I write comedy because I’m a woman; not, somehow inexplicably, in spite of it. It’s a part of how I see the world; how I process things, and how I always have. Whenever I’ve tried to write "serious" fiction, it’s always felt fake and flat: as if I’ve squeezed the natural joy and comedy out of life in an attempt to take myself and the world too earnestly, or to make myself sound more important and intelligent. Comedy is my way of making myself happy, but it’s more than that. Without light there can be no dark, and humour gives us that contrast: it heightens other emotions rather than undermining them, and it provides stories with depth, with realism and spark, with beauty and diversity.

For teenagers, that is key. Life is funny, even in its darkest moments, and to remove wit is to diminish how wonderful and how powerful that can be. Teenagers need to be reminded that anything thrown at them can be handled more easily with a sense of humour: that laughter is the best weapon we have. It’s OK to laugh. It doesn’t make them less substantial to see the funny side: beauty doesn’t always come from pain.

For women, a sense of humor is essential. We still live in a patriarchal society that has, over many centuries, subtly taught us that men are valued for what they say and how they think, and women are precious because of what they look like. We have been constantly reminded that comedy is a male arena, and women should not try to compete in it: that our voices are not valid enough, or loud enough, or brave enough, or that male laughter is somehow more worthy.
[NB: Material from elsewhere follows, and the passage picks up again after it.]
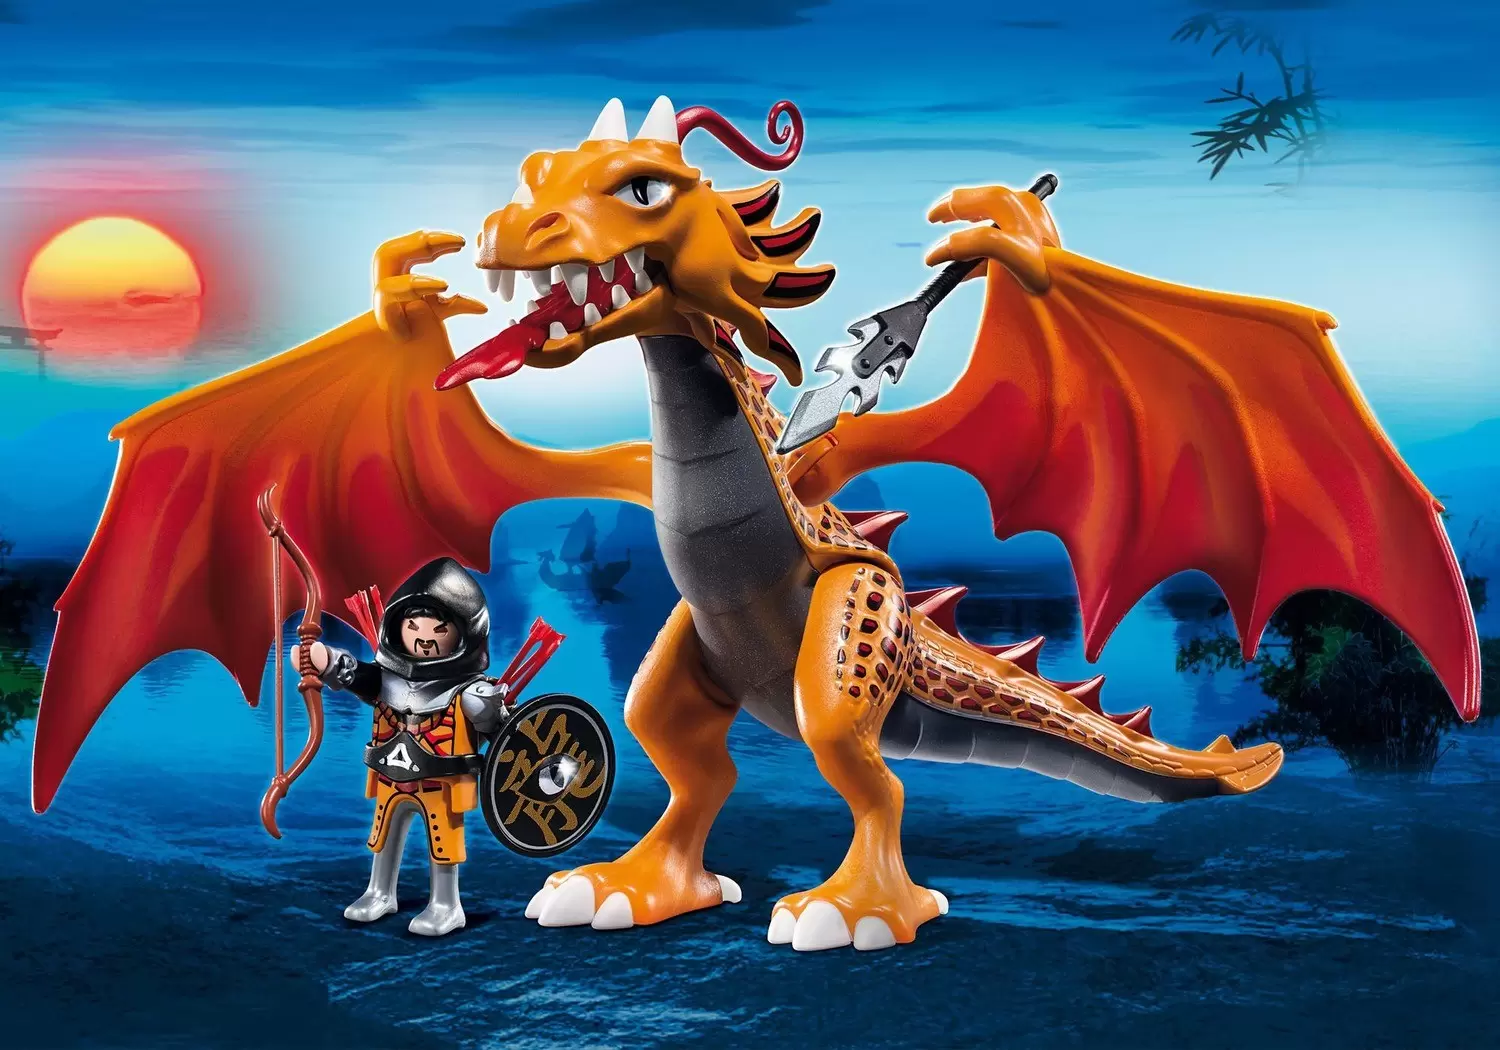 Playmobil Middle-Ages - Fire dragon

In fact, the ability to laugh at a situation — to speak out on it, to poke fun at it — is one of the most feminist, powerful tools we have.

For me, comedy gives life warmth and beauty, it gives us strength and it gives both men and women an intelligent, powerful voice. I’m not funny for a girl. I’m funny because of it.

And that means I take comedy very seriously.

Clearly, comedy for young women is essential. Humor allows us to explore dark realities without feeling weighed down. I mean, if you didn't laugh when Smale said "nether regions," you're just not living. All while fighting sexism. Bravo.